Dollinger: Bucks. Injuries are the only thing that can derail the Bucks from contending over the next two years. Sorry, Pat.

Sohi: Unless something disastrous happens, I think this trade earns Milwaukee the right to employ Antetokounmpo for the rest of his contract, including the player option he has for the 2025-26 season. Lillard may be entering his 12th season, but he’s coming off statistical highs in scoring and free throw attempts, and I see his game aging like that of Steph Curry, who has three more seasons and two more years on him.

Which NBA star will be traded next?

Mahoney: If we’re talking superstars? Joel Embiid. Don’t blame me—I’m just reading the literal years of tea leaves.

Sohi: All eyes turn now to James Harden, who doubled down on his anti–Daryl Morey stance this week, bottle-service style:

Murdock: Harden seems intent on burning every bridge, valley, and road between himself and Sixers president of basketball operations Daryl Morey. While Harden’s actions are hilarious, his discontent is an unwelcome distraction for a team that has legitimate title chances with or without Harden on the roster. All while new coach Nick Nurse tries to implement a new culture in Philadelphia. Morey, the subject of Harden’s wrath, has always been a notoriously patient negotiator, but the pressure to move on from Harden is building.
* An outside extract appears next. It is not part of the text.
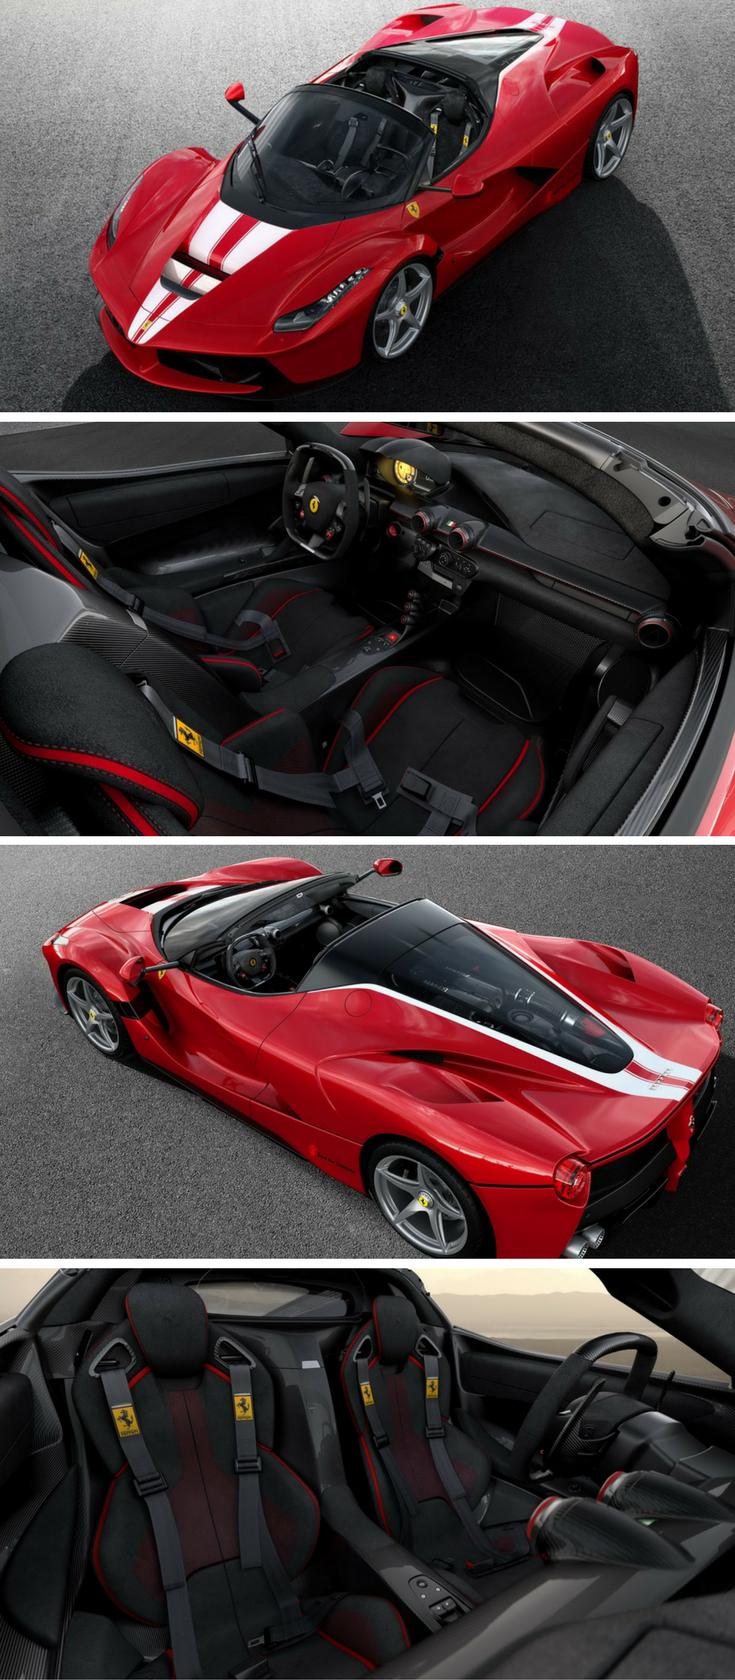 Final Ferrari Laferrari Aperta To Be Auctioned For Charity Ferrari Laferrari Ferrari Luxury Cars

Kram: I assume we’re not counting Holiday, who will be rerouted to a non-Portland destination shortly, and Harden is too obvious. So I’ll go out on a limb and pick Chris Paul, because Holiday fits perfectly in Golden State, and Paul plus Jonathan Kuminga are a perfect swap for Holiday, salary-wise.

Dollinger: If it’s not Harden, I want my summer back.
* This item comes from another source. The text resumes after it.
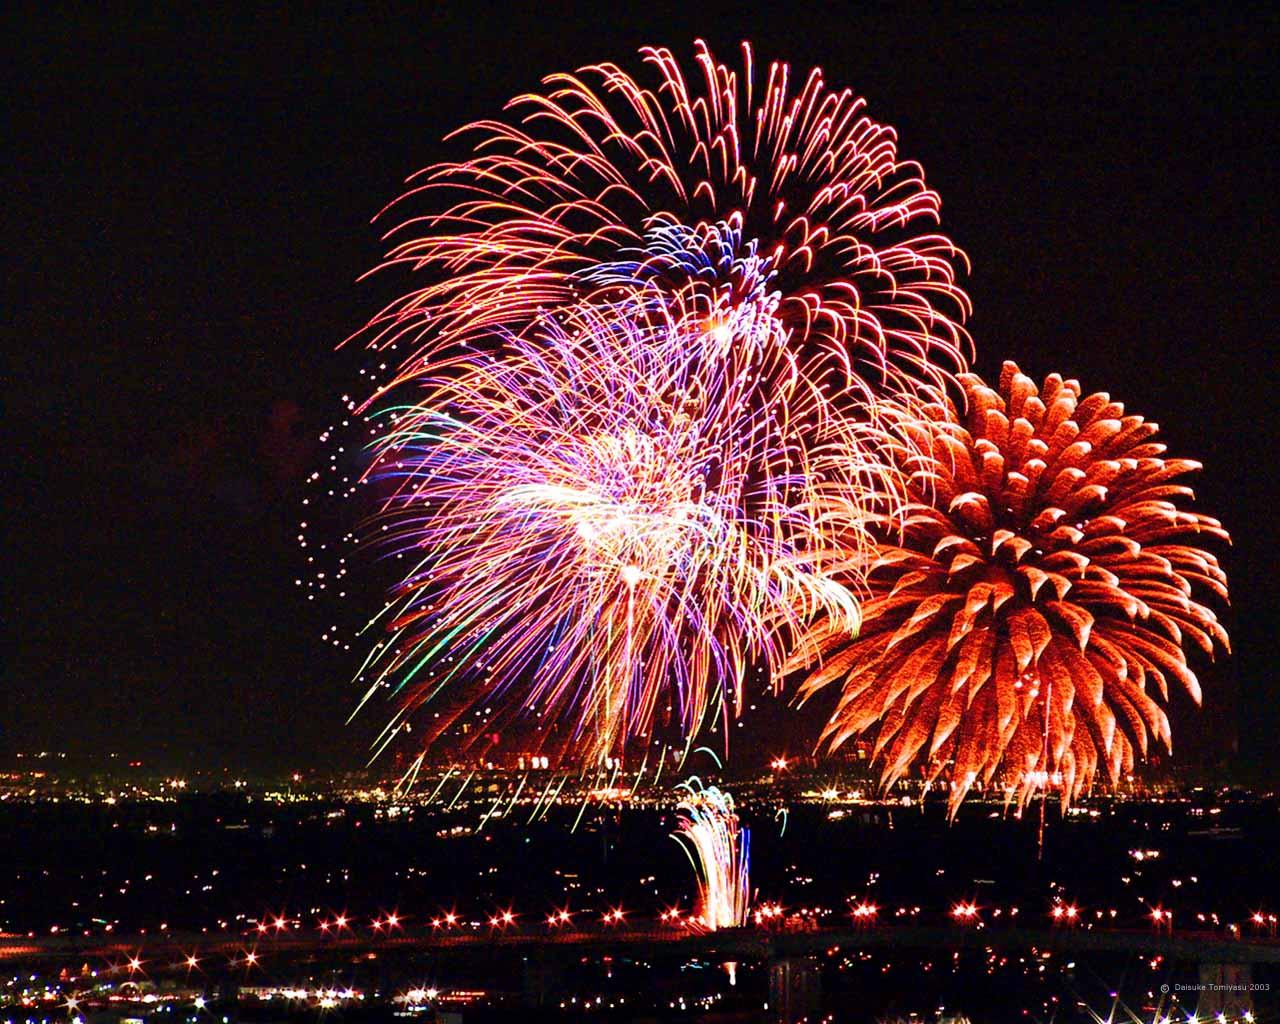 http://4.bp.blogspot.com/_FAktWGYlrJU/TR2Uk7NjQ-I/AAAAAAAAAxI/J7JbVW5eido/s1600/4th-of-july-fireworks.jpg

Who will have a better record in five years: Milwaukee or Portland?

Sohi: Portland, by design. The Bucks, who were already dead last in our Young Core Rankings last year, went full Eckhart Tolle and doubled down on being in the present moment with this trade. Their fortunes, at best, will go as far as Giannis’s prime. Who knows what his jumper-less game will look like at 33? Scoot Henderson, on the other hand, will be just getting started.
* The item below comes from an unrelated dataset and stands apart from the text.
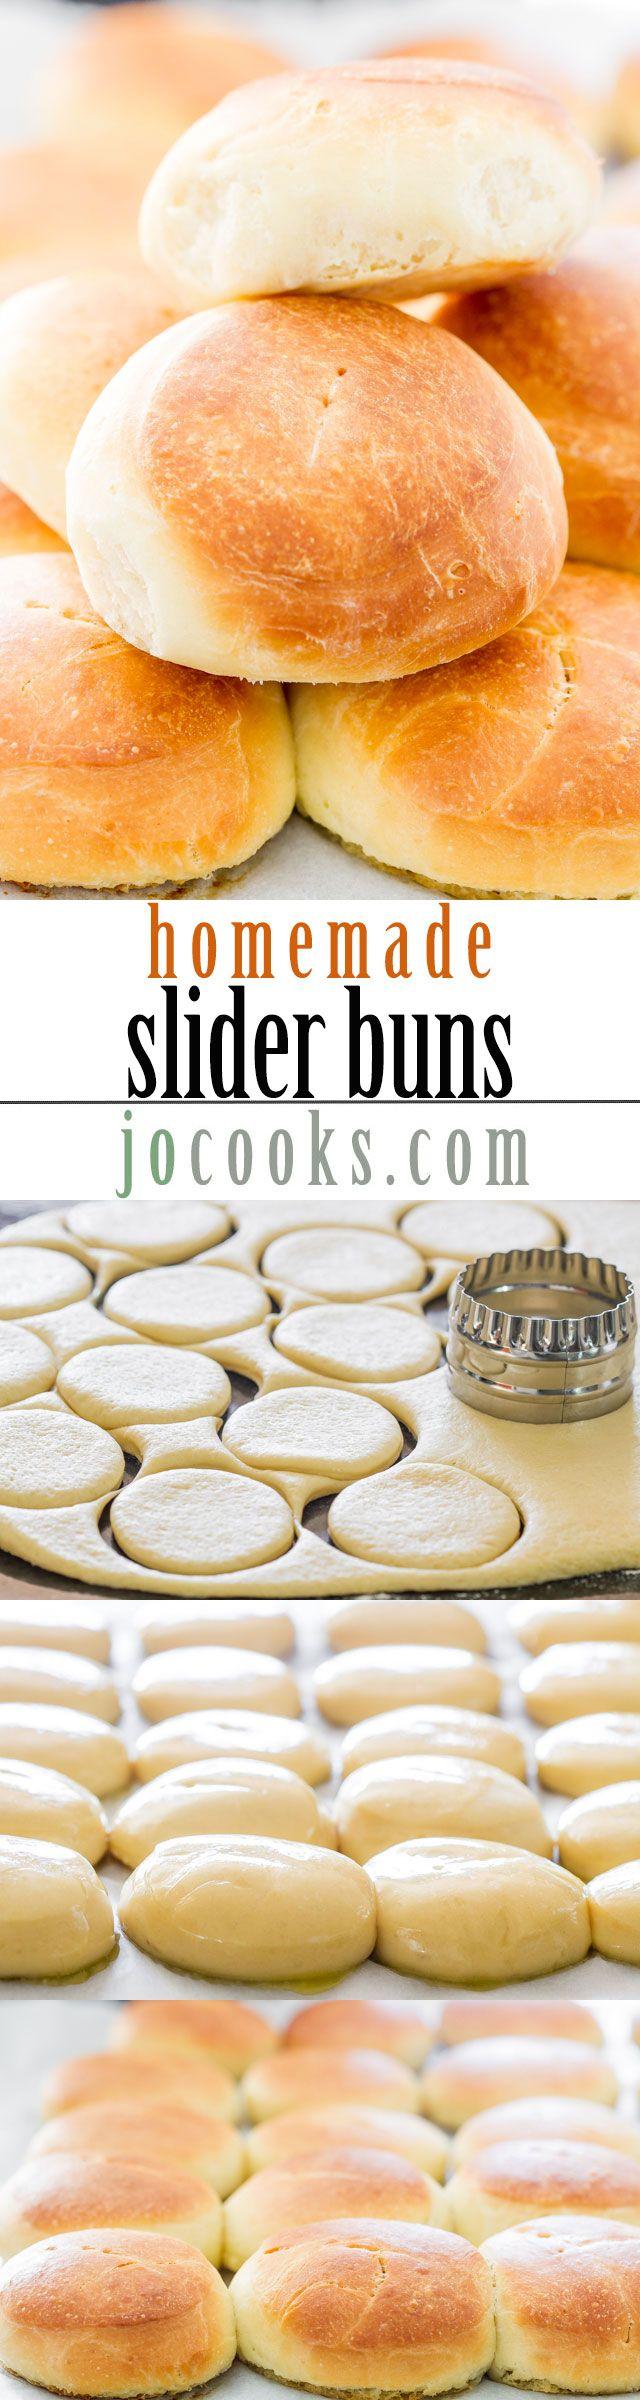 Homemade Slider Buns

Kram: Research shows that there’s almost no way to predict how good any given team will be five years into the future. So I’ll shrug and pick Milwaukee, just because the West has historically provided stiffer competition than the East—but even if the answer is Portland, the Bucks will have another title by then, so their fans won’t care.

Murdock: Milwaukee. If all goes to plan, the Bucks should be regulars in the Finals for the next few years. And while Henderson has all the attributes to be a star, it takes time to build a contender in the vaunted Western Conference.

Dollinger: Portland. In five years, Middleton will be 37, Dame will be 38, and Lopez will be 40. Henderson will still have to pay the “young renter fee” when he uses Enterprise.

Mahoney: For as much as I’d love to give Portland (and Henderson, in particular) the benefit of the doubt, the last five years have taught us that having a prime Giannis on the roster is a pretty good shortcut to winning about 70 percent of your games. Antetokounmpo will be a different player at 33 years old, but not so different that I could count him out.